続・みずうみ

映画のことを中心に、小さく平凡な毎日の中で自分が感じた色んなことを、湖のような落ち着いた心持ちで考えていきたいと思います

お金の事実

昨日の首相会見、他のことをしながらちらちら見ていたが、予想通りひどかったな。

非常事態宣言が出されるような緊急時でさえ自分の言葉で語れず、記者の質問を含めて事前に官僚に書いてもらった原稿を一方的に読み上げる事しかできないような人が自分の国のリーダーであるという姿が、どれだけ一人ひとりの気力を挫いたことだろう。

 

てか、正直な気持ち、いつまでこんな茶番やってんやゴルァー!ええ加減にせい!と内心激しく突っ込んでおりました。

 

期待しているような支援策など打ち出されないと内心思っていたから特に驚きはなかった。ただ、なんて格好悪い老人なのだろう、そしてどうしてまともに意見表明することすらできないような人が、ろくなリーダーシップも発揮出来なくても、失政を続けても、嘘や税金の私物化が何度明らかになっても、こんなに長期間、誰にもどうすることもできないのだろうとほとほと感心した。

 

予定調和の質問が終わって去ろうとした瞬間に、記者席から大きな怒声。「これが会見と呼べますか」

慌ててスイッチを切るみたいにNHKの中継が終了した。なりふり構わない仕草に唖然とした。

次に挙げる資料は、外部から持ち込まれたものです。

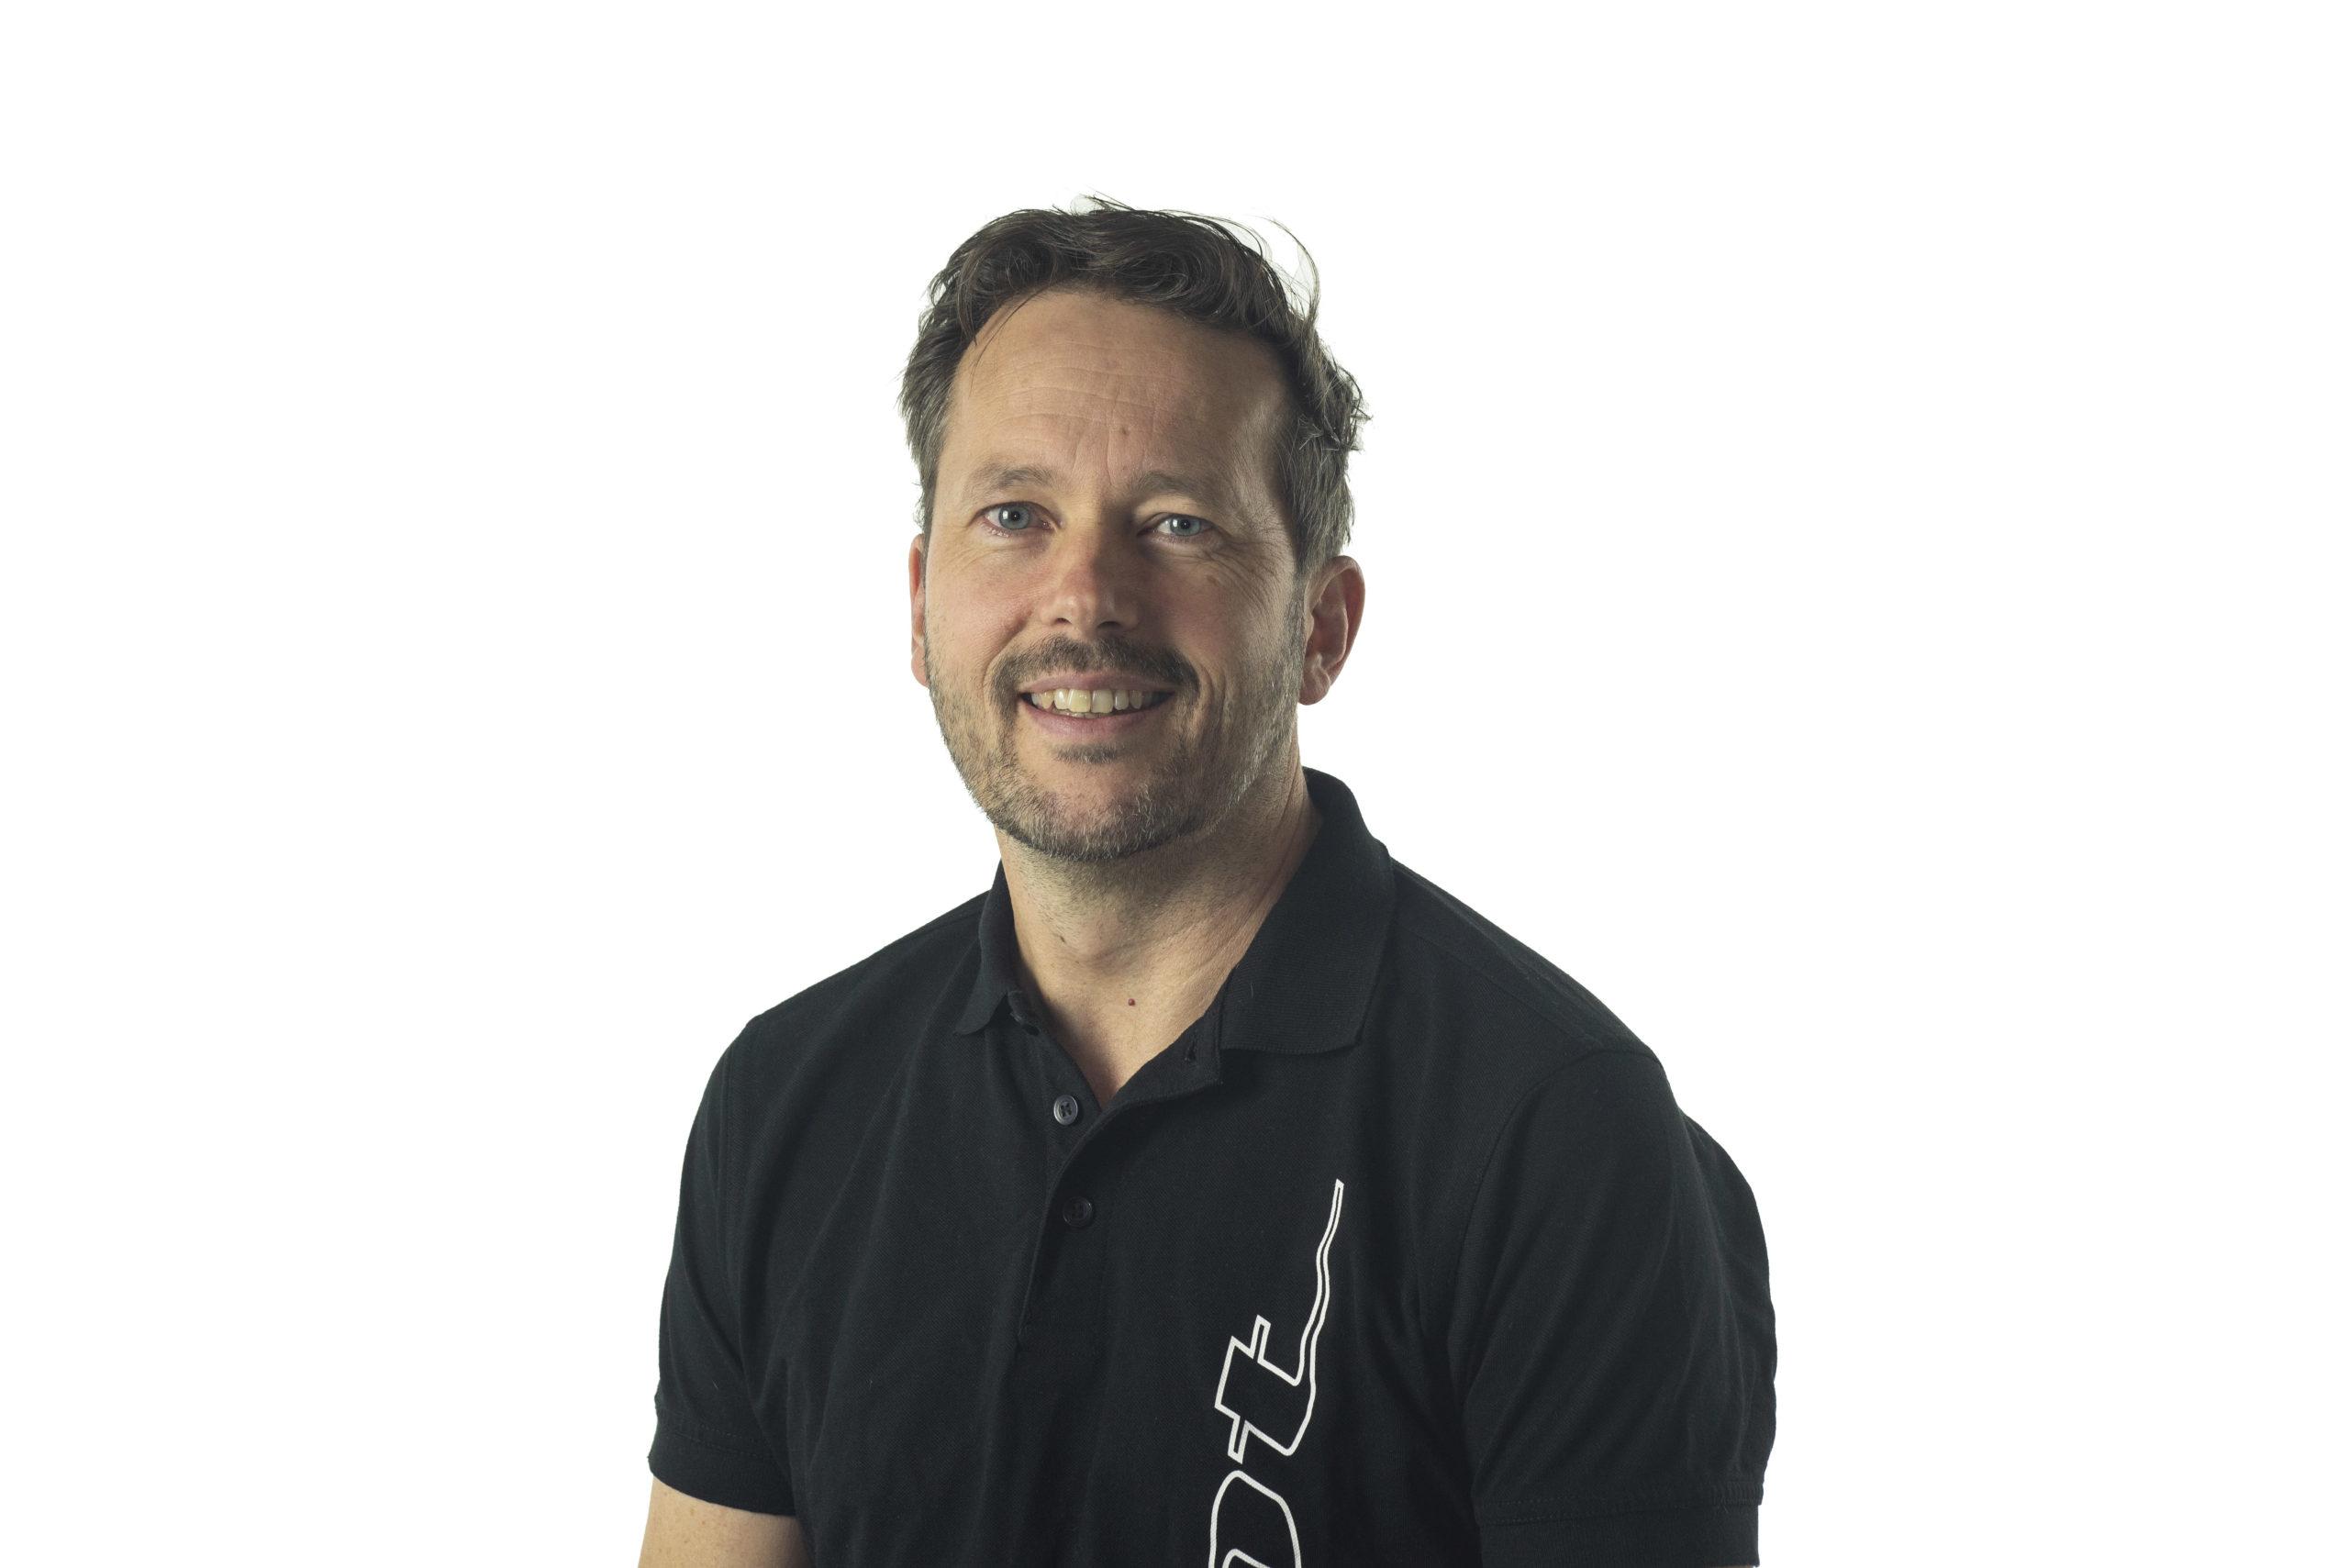 Pieter van der Marel

彼には想定外のことにはまともに対応ができないので見せないという方針が共有されているのだな。全力で従う家来自ら彼をバカ殿認定している・・・。

 

 

ジャーナリストの堤実果氏が著書の中で、「今起こっていることをクリアーに見るためには、誰が何を言っているのかではなくて、お金の流れを見ればいい」と言っていた。

 

本当にその通りで、「ウイルスと闘う」「しっかり」「全力を尽くす」なんて何も言っていないのに等しいのであって、聞いてぷんすかするだけ時間の無駄。

 

来年のコロナ対策の予算は0円のまま通過して、国民が飢えて死なないための支援金は貧しくて財源がないから無理だけれど、IOCがオリンピックの開催判断をWHOに委ねるといった途端に42億円を寄付。昨日新たに170億円を寄付したことがWHOや海外メディアの情報から分かった。

 

「オリンピック、良きにはからってくだされ」という露骨すぎる買収行為。こういうことには即座に200億円以上も出すことにびっくりしてしまう。

他国は今、自国民のために最大限の財税支出をするのに必死なタイミングで、そんなおかしな優先順位の国は日本以外にはないだろう。

 

そしていつものように、国内メディアではこのことはほとんど報じられていない。中国の21億円の寄付はそれこそ自国を棚に上げて批判気味に報じているけれど。

桁違いの額の私たちの税金がそんな使われ方をしていることを、私たちは普通に知る事もできない。

 

いつも感じることだけれど、一体どういうプロセスでもって、どんな権限があって巨額のお金をこんなに簡単に、即座に使う事ができるんだろ。純粋な謎。

どんなフリーパスなシステムなんだ、どんだけすごい権力なんだとびっくりする。

これだけ生活に困っている人が悲鳴を上げている災害の最中だというのに。

 

 

どんだけきれいごとを言おうが、こうしたお金の事実が政府の意思や優先順位を明快に指し示している。

 

私にはコロナウィルスより、今の政府の方が怖い。

状況が状況だけに、切り捨て感が極まって来ている。

この国に暮らす一人一人よりも、権力者の保身や利益を何より優先する人たちには、一日も早い退場を。

 

日常をしっかりやりつつ、フツフツと怒りの気持ちを持ち続ける。

自分自身や大事な人たちの幸せと、この先を担う子供たちのためにも、間違っていることは間違っているし、嫌なものは嫌だと、小さくとも意思表示していこうという気持ち。